Yes, even if we don't know it's there. I learned so much about countertransference, which involves my own responses to being in the therapy room. Being able to distinguish between what was the client's and what was my own history was crucial. For example, I may have a response to something the client says, which could be useful information about how that client responds in other relationships. However, sometimes my response is triggered by my own history. If I wasn't aware of that, it could interfere with the session, leading to a reenactment of my history and theirs, which isn't effective. Recognizing my part, parking it, and reflecting on it later, often in my own therapy, was essential.

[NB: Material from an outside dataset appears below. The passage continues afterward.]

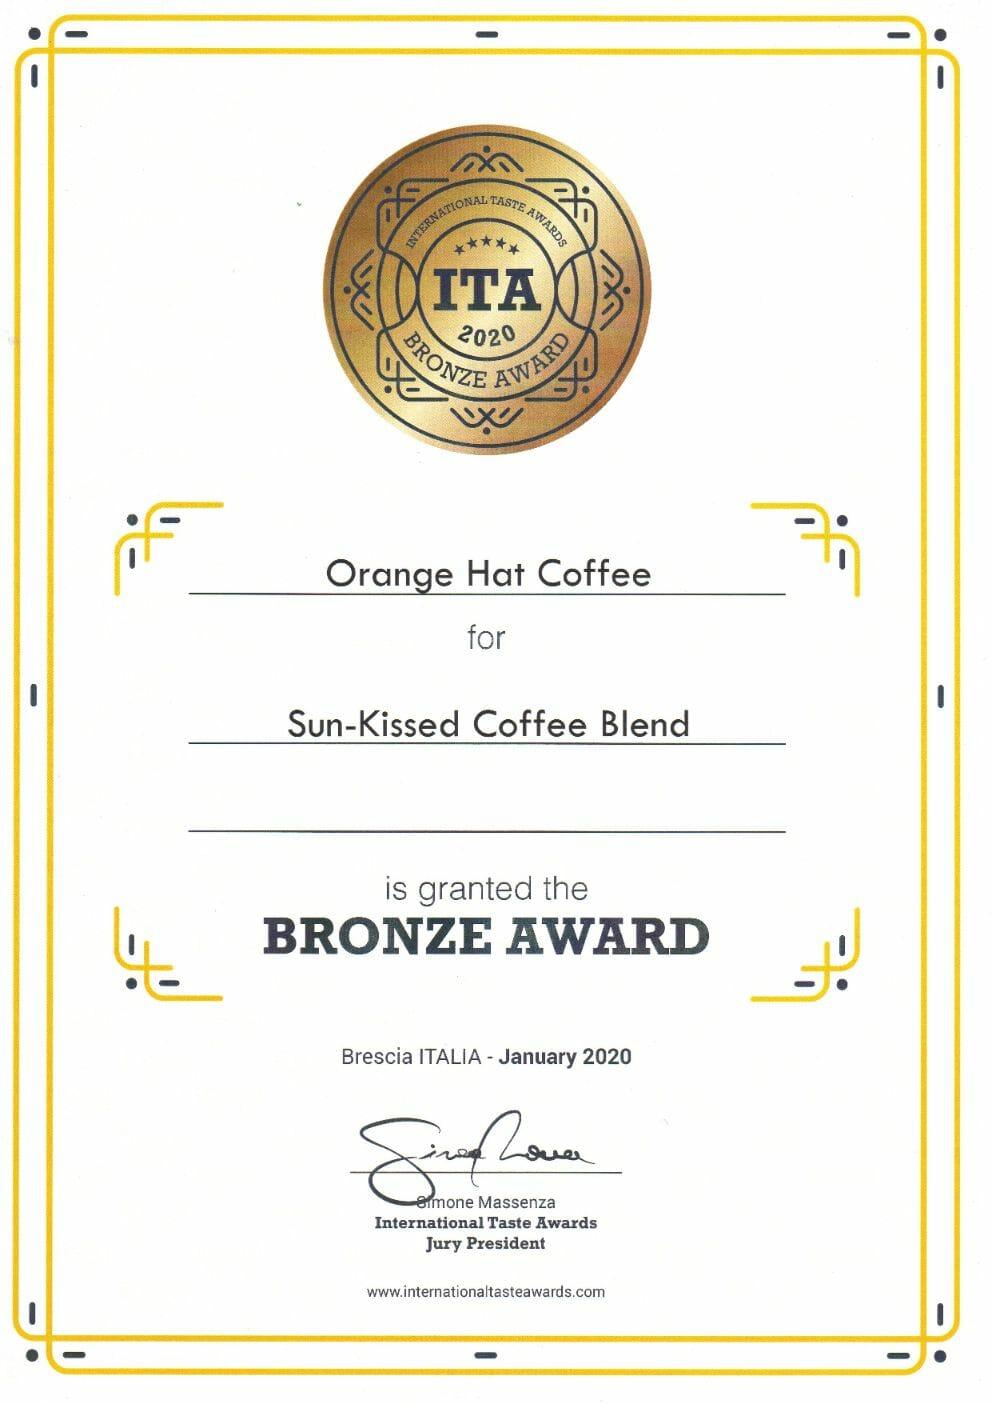 Orange Hat Coffee - International Taste Awards 2020 abalvošanas pasākumā! 10

Self-reflection and supervision play big roles in that. I had a supervisor who helped me differentiate whether an issue was for supervision or for therapy. Knowing you're in therapy is valuable because your supervisor can guide you on which space to address certain issues. Discussing personal impacts in supervision is still valuable, even if it's more appropriately dealt with in personal therapy. Initially, we don't always know if countertransference is coming from the client or our own experience. A good supervisor helps navigate this.
Good supervision doesn't replace doing your own therapy but it supports the process. I'm curious about key takeaways for our listeners today.
I hope this discussion normalizes therapy for therapists. As experienced therapists and supervisors, sharing our own experiences can normalize how helpful therapy is, both personally and professionally. Even if it's not openly discussed among peers, knowing it happens is important. I'd love a broader discussion on this because many therapists do seek therapy themselves.
It's also important to acknowledge the position of privilege. There are significant financial implications, especially during internships when funding is limited. I don't want people to feel pressured to start therapy immediately. It took me a few years after being registered before I started my own therapy. I wish I'd done it sooner, but financially, I couldn't have. It's important to choose a therapist who aligns with your preferred modality to make the most of the opportunity, not only for personal exploration but also to learn from their style and interventions.
If you're in an employment situation and worried about financial constraints, consider an Employee Assistance Program (EAP). Most organizations have them. EAP is provided for free, usually offering five sessions with a psychologist or a trained therapist counselor. I really encourage that. We've talked about some great things today, Claire. We've really covered and encouraged our listeners to think about the process and benefits of putting yourself in the client chair, what it's like to seek therapy yourself, some of the ways to go about it, and the benefits of doing it. We definitely encourage people to consider therapy, understand its benefits, and know that it's okay to be human and need to do this work ourselves.
Yes, I think you've summed that up perfectly. We want to destigmatize having therapy, regardless of the reason we seek it. We owe it to ourselves to look after ourselves. Our clients get the best of us when we are in our best state.
Thank you, Claire. That's such a good point, and I think that's why we're doing this. We want to be the best therapists and humans we can be. To do that, we must be open to reflecting on all aspects of ourselves, not just the professional side.
All right, have a great week, and we'll see you all next time.
Yes, thank you, everybody. We'll see you soon. Bye.